**Exercise objective:** Below are some records; find each line that carries the word "http" and copy it.

**Listed entries:**
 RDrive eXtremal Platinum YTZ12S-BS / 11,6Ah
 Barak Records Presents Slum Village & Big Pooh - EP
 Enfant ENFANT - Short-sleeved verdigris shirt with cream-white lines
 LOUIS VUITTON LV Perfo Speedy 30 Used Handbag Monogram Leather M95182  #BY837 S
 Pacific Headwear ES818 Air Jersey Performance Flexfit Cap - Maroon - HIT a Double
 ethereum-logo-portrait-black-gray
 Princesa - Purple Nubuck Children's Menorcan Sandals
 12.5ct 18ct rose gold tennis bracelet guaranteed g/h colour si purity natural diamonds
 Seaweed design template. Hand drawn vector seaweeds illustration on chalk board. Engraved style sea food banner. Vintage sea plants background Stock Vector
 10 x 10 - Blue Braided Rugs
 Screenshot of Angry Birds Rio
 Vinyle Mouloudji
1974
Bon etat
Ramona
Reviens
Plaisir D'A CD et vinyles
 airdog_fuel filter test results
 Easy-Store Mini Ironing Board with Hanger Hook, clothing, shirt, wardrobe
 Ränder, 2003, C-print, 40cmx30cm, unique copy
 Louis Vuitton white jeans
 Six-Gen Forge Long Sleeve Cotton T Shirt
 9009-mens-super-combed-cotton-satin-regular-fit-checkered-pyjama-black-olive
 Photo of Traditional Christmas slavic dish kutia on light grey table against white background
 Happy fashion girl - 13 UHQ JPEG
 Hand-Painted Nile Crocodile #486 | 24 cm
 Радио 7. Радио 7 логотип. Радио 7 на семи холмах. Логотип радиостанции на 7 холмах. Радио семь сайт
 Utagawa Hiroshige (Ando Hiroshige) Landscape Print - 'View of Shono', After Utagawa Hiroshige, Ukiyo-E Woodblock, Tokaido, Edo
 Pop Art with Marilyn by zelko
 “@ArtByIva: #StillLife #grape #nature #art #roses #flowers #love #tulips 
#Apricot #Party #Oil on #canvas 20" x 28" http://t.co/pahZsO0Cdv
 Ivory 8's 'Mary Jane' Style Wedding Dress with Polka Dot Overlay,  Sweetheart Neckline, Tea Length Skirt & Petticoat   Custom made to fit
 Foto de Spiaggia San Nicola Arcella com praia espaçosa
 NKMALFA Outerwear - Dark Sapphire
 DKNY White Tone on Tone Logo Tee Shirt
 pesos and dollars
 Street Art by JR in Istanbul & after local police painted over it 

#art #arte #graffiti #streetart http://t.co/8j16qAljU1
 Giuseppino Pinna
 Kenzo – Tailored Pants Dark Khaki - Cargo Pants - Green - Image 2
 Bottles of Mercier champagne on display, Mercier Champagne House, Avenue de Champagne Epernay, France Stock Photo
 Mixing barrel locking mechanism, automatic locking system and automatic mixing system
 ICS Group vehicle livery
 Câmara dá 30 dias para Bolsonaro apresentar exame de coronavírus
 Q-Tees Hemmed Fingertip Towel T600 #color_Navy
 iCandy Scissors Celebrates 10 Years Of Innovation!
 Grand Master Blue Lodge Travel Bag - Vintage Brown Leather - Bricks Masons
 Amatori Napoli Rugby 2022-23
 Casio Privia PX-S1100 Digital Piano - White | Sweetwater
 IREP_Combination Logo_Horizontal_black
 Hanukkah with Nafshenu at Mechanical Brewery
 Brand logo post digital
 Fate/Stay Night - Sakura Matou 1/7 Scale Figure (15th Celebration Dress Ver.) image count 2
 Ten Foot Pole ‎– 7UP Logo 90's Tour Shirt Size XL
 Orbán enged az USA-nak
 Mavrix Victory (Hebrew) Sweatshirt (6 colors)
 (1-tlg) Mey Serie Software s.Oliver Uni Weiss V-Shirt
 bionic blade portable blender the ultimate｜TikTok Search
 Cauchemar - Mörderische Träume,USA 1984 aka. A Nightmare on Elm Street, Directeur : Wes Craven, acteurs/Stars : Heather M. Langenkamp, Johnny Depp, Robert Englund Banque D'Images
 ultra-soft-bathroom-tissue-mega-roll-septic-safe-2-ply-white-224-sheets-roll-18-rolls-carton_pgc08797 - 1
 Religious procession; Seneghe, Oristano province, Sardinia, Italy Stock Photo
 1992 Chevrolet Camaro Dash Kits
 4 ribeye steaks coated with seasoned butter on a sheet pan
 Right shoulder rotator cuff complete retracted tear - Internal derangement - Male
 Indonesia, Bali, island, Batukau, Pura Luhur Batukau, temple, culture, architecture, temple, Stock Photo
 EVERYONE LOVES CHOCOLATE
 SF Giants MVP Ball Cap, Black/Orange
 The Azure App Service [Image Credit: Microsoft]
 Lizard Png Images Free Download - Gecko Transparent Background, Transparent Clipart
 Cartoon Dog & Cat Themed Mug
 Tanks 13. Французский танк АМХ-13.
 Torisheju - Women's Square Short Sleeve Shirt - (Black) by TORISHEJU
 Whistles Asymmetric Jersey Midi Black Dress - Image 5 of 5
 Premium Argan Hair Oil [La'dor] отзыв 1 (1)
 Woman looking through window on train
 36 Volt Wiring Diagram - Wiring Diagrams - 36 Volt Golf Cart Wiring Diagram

**Result of the exercise:**
#Apricot #Party #Oil on #canvas 20" x 28" http://t.co/pahZsO0Cdv
#art #arte #graffiti #streetart http://t.co/8j16qAljU1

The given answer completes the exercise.